» WHAT TO WORK ON
Every line that holds the word "Time" needs to be copied from the data below.

» GIVEN DATA
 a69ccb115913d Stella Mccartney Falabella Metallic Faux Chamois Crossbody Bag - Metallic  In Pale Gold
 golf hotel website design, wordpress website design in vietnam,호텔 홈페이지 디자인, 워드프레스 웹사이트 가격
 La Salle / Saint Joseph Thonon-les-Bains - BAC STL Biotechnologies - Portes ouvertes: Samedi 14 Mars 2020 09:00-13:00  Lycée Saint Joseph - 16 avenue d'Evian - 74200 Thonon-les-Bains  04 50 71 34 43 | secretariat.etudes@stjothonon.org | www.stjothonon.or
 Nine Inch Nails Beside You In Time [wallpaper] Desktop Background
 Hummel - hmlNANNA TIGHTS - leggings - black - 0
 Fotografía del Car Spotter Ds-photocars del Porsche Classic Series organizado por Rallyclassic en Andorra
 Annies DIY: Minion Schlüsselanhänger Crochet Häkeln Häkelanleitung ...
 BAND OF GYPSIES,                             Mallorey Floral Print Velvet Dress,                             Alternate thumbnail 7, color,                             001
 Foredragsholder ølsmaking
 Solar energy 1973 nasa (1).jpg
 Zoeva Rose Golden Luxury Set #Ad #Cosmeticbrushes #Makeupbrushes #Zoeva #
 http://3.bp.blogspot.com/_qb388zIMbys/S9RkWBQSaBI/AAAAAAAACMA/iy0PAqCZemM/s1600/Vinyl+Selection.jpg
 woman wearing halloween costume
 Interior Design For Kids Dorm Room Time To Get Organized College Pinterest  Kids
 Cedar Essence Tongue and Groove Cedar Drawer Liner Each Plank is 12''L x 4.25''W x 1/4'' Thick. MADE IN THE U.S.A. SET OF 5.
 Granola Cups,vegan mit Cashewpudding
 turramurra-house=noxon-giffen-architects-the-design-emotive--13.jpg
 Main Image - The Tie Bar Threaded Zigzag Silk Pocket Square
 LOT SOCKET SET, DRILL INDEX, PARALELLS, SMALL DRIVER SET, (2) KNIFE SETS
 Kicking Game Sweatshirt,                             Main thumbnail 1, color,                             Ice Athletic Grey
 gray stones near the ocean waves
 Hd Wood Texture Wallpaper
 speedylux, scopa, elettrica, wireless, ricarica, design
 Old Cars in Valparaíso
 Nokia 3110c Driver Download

» EXERCISE SOLUTION
 Nine Inch Nails Beside You In Time [wallpaper] Desktop Background
 Interior Design For Kids Dorm Room Time To Get Organized College Pinterest  Kids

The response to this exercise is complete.